The data set describes readmitted patients in diabetics. There are about 50 variables included that cover chacterictics of readmitted and not-readmitted patients. Most variables describe the patient characteristics, medical conditions or features of medical threatments but other variables provide measures of quality and condition. The data types are varied and include discrete, continuous, and categorical (both nominal and ordinal) data.

The data was originally published by the UCI Machine Learning Repository.There are 101766 observations that has no missing values in any of the 43 columns.I will talk about the data chacteristics, statistics and description in below.

Data Description and Type:

The diabetes dataset we have used consists of 100,000 records and 50 features. Below given is the detailed description of 10 of the important features in the dataset.

  1. Encounter ID: TYPE : Continuous . DESC : a unique identifier for each claim record

  2. Race: TYPE : Categorical . DESC : African-American, Asian, Caucasian, Hispanic, Other.

  3. Gender: TYPE : Categorical. DESC : Male, Female, Unknown.

  4. Age: TYPE : Categorical. DESC: [0-10), [10-20), [20-30), [30-40), [40-50), [50-60), [60-70), [70-80), [80-90), [90-100).

  5. Weight: TYPE : Continuous DESC: Weights for patientS.

  6. Admission type ID: TYPE : Categorical DESC: Elective, Emergency, Newborn, Not Available, Not Mapped, Urgent.

  7. Discharge disposition ID: TYPE : Categorical. DESC: Admitted as an inpatient to this hospital

  8. Admission source ID: TYPE : Categorical. DESC: Clinic Referral Court/Law, Enforcement, Emergency Room, HMO Referral

  9. Time in hospital: TYPE : Numerical DESC: Time (Days) stayed in the hospital by the patientS.

  10. Readmitted: TYPE: Categorical.

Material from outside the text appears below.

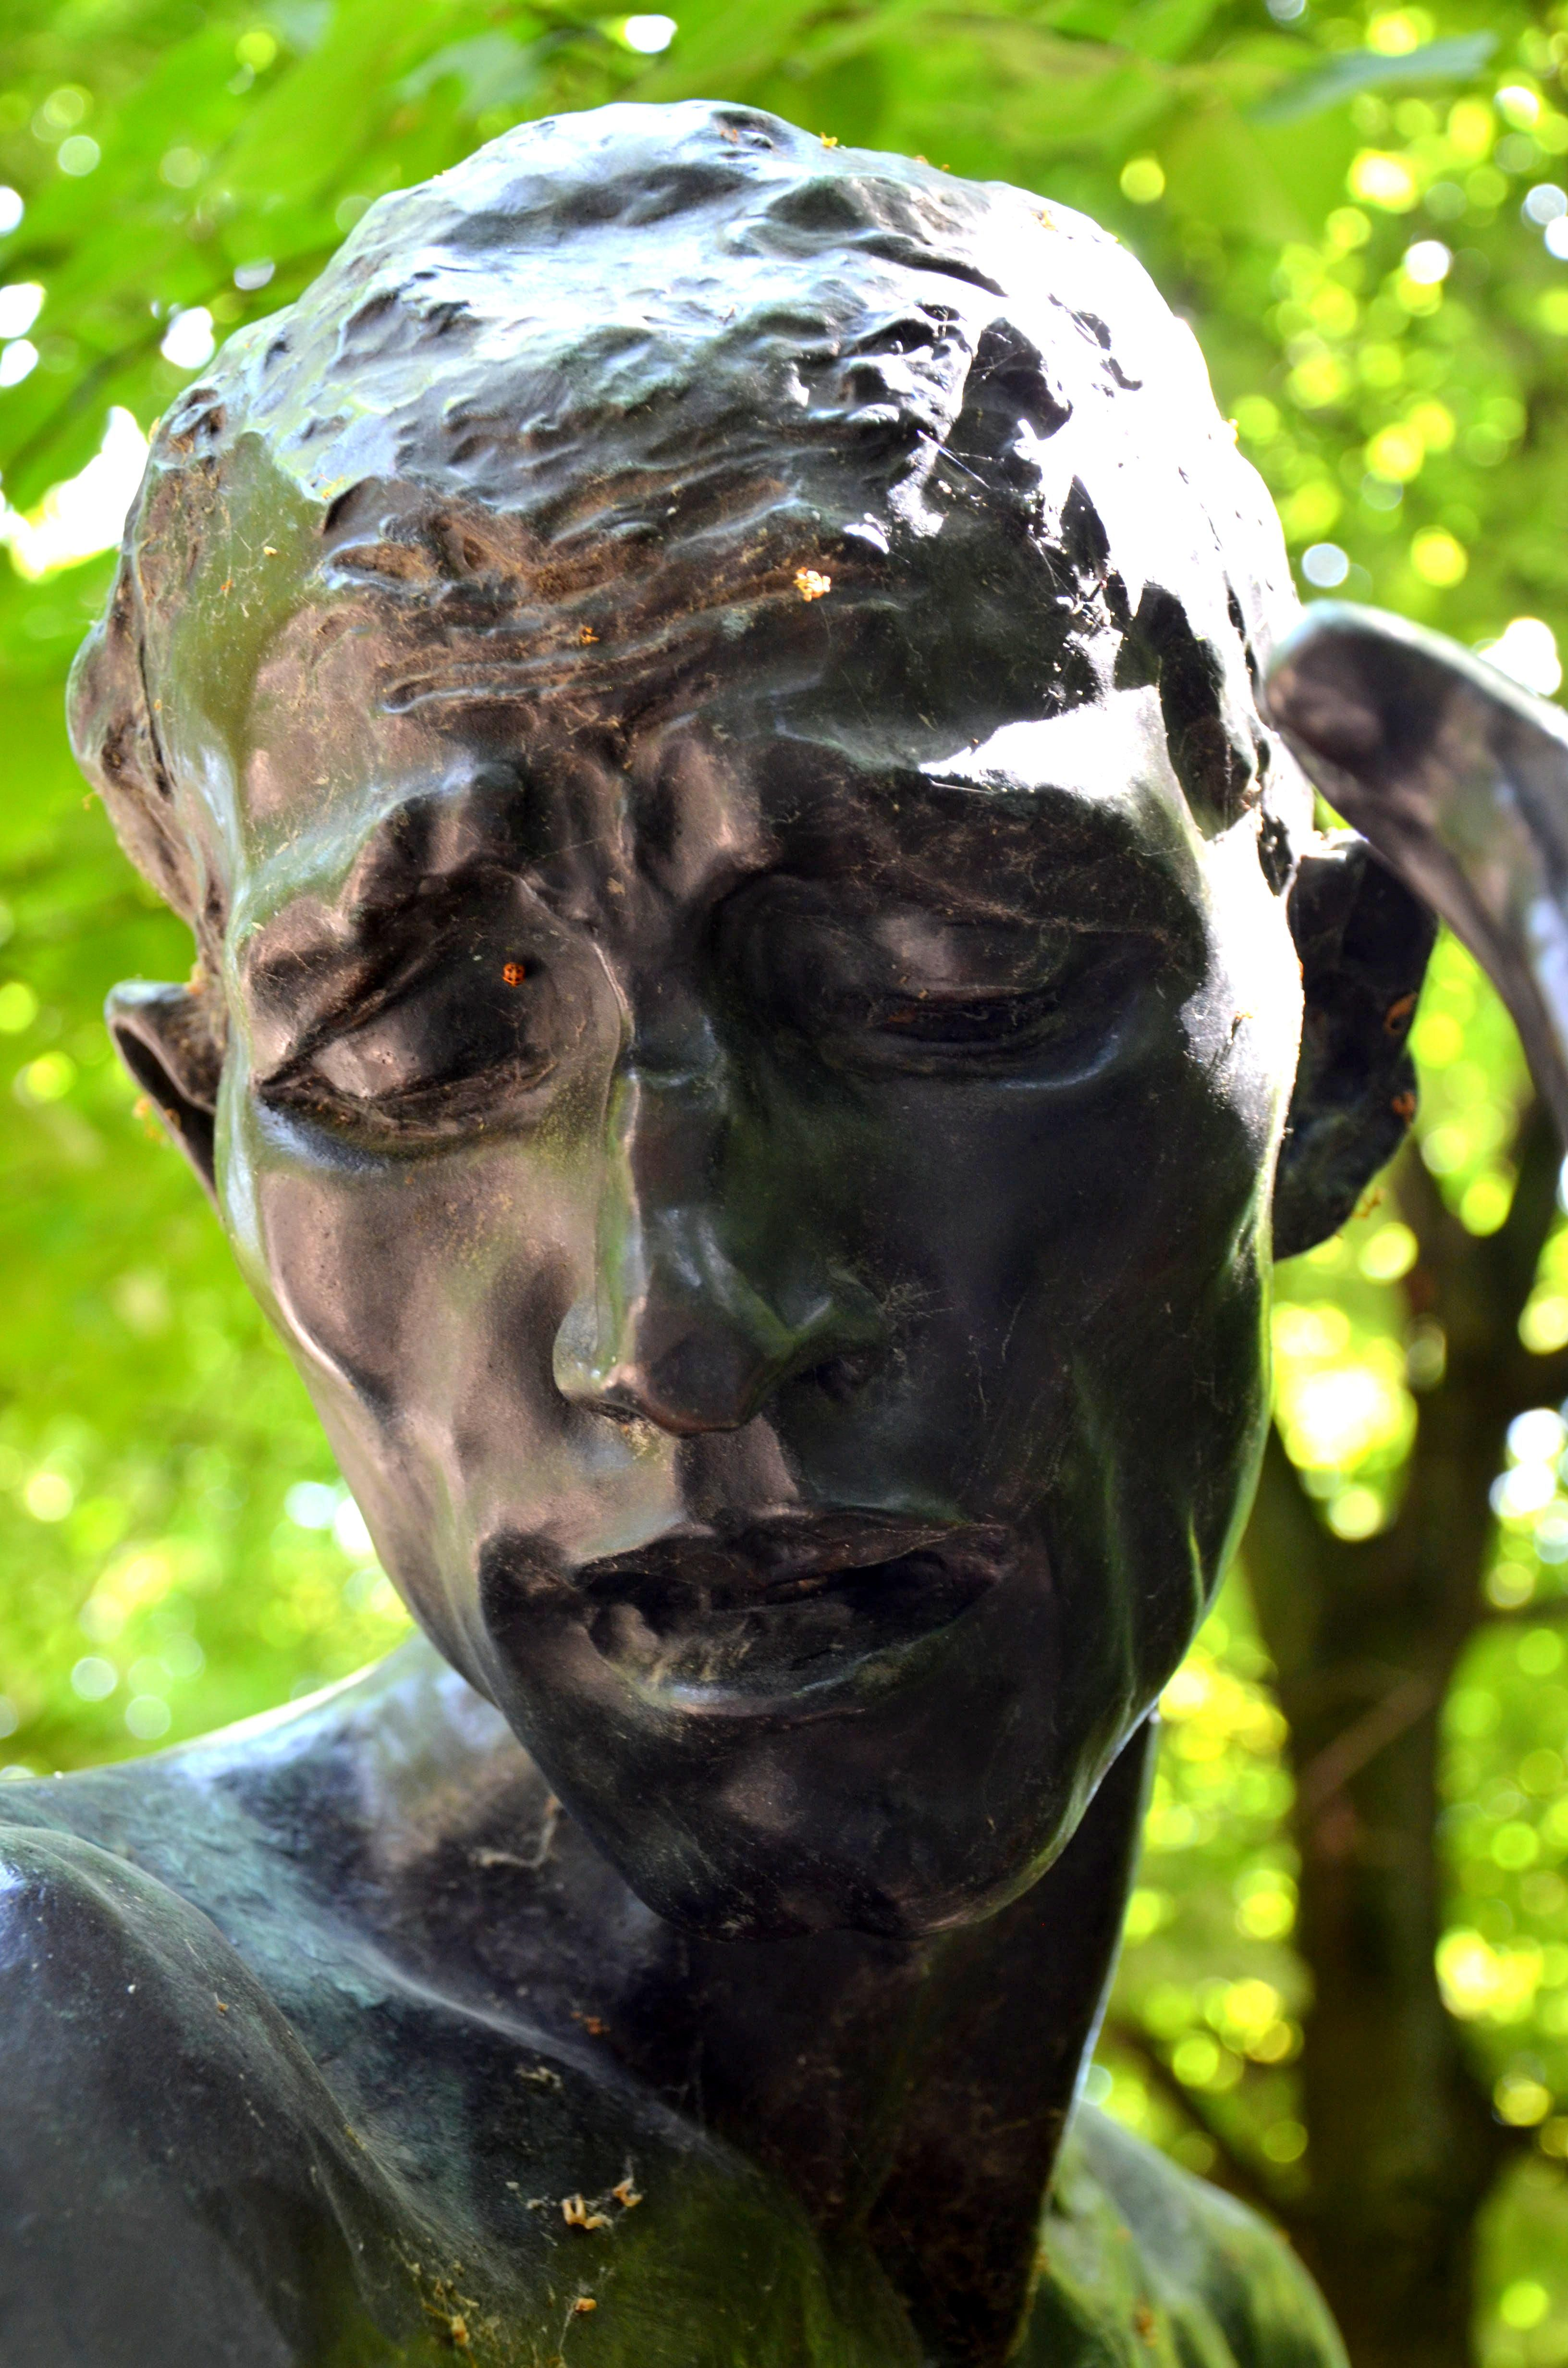 Les Bourgeois De Calais 1889 Par Auguste Rodin 1840 1917 Tete De Pierre De Wissant Bronze Fondu En 1926 Mus Rodin Sculpture Sculpture Art Soulful Art
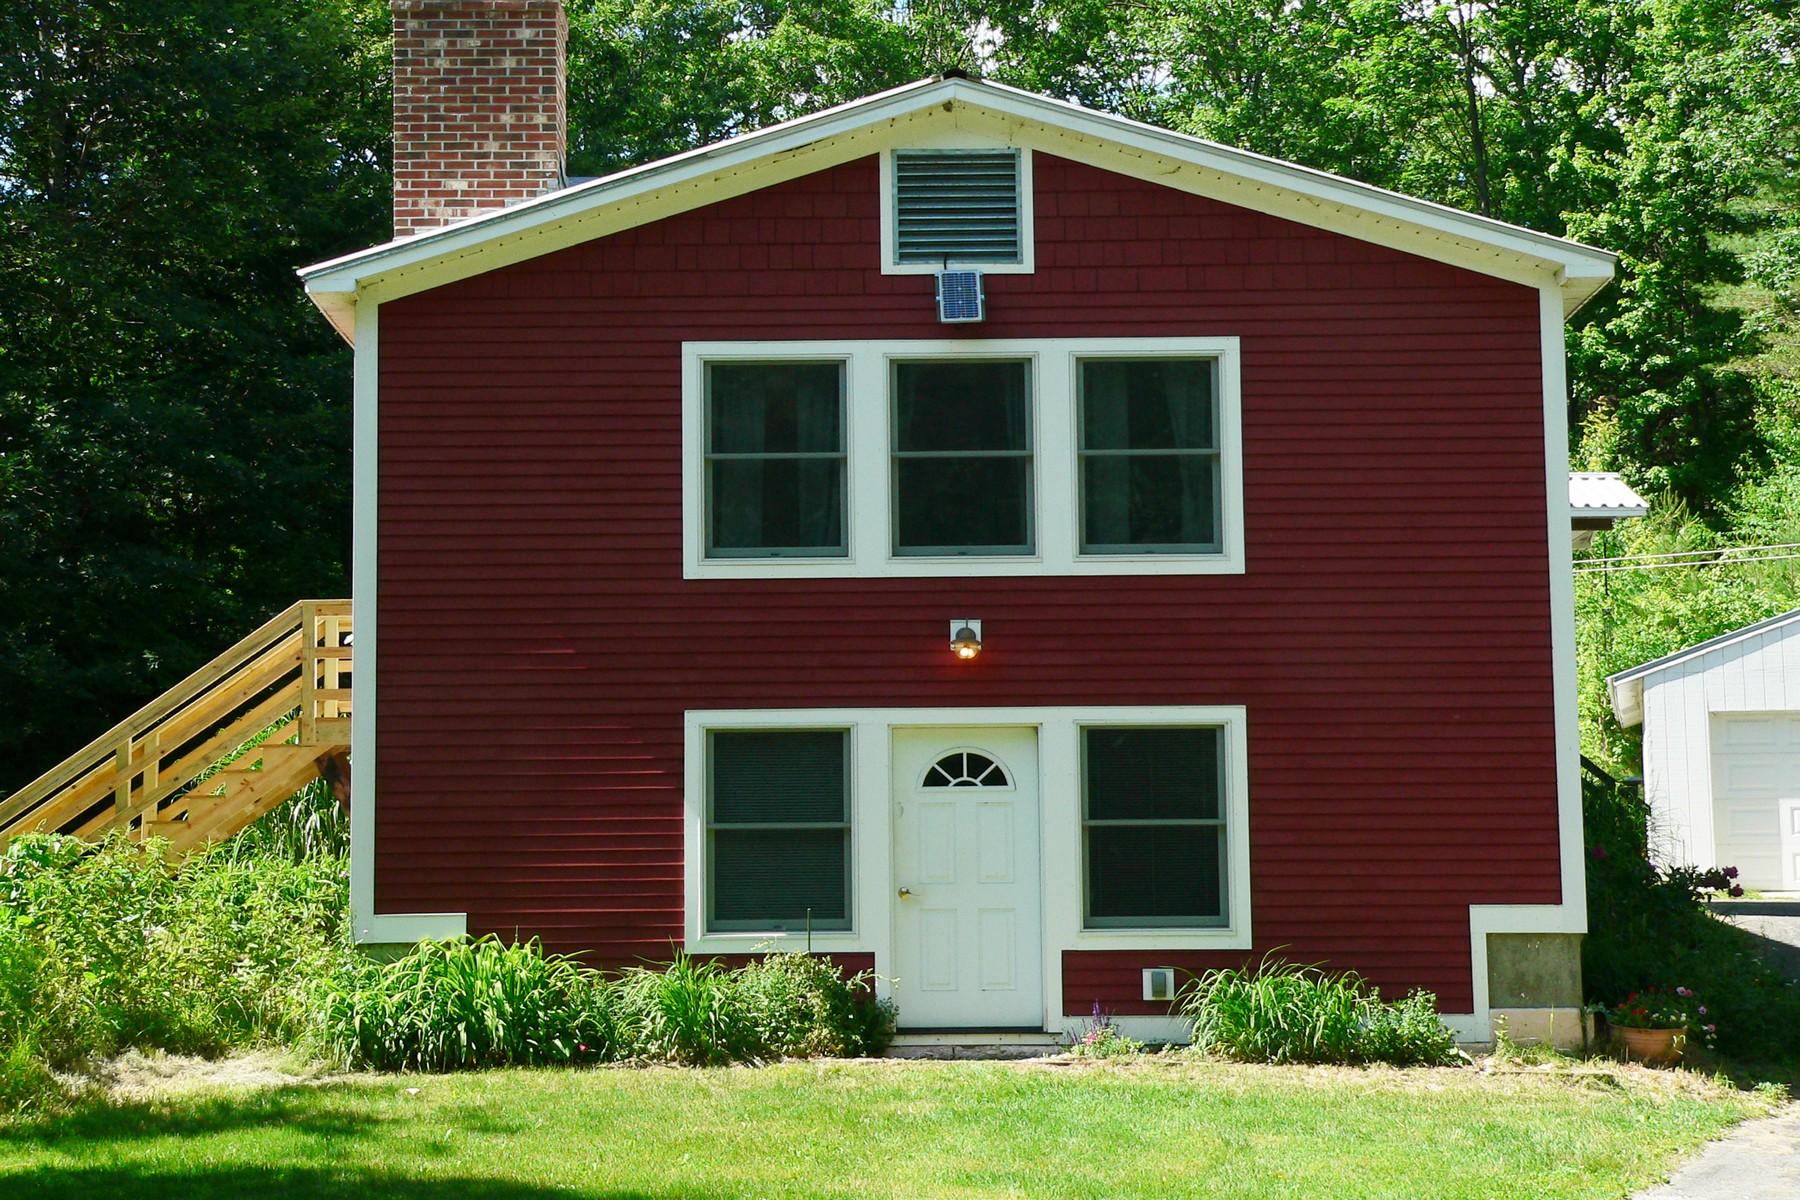 단독 가정 주택 용 매매 에 Mountain Top View 825 Skitchewaug Trail Rd Springfield, 베르몬트, 05156 미국

DESC : FALSE, TRUE.

Summary Statistics and Descripton

The current data set is composed of 101766 records and 50 features.

  • There are 101766 observations that has no missing values in any of the 43 columns, which indicates that the data has minimum missing values.

  • Looking at Missing values of each of the numerical variables, “weight” (0.96),“medical_specialty” (0.49),“diabetesMed” (0.51), “payer_code” (0.39) has the most missing percenatge in data.the rest of the variables Have missing values that are in teens or below.

  • Kurtosis For each of the variables also confirmed that “metformin.pioglitazone” and “glimepiride.pioglitazone”" is highly skilled with Kurtosis=101759.

  • “encounter_id”" have a median at 152388987, and mean at 165201645 But the range of it is from 12522 to 867222.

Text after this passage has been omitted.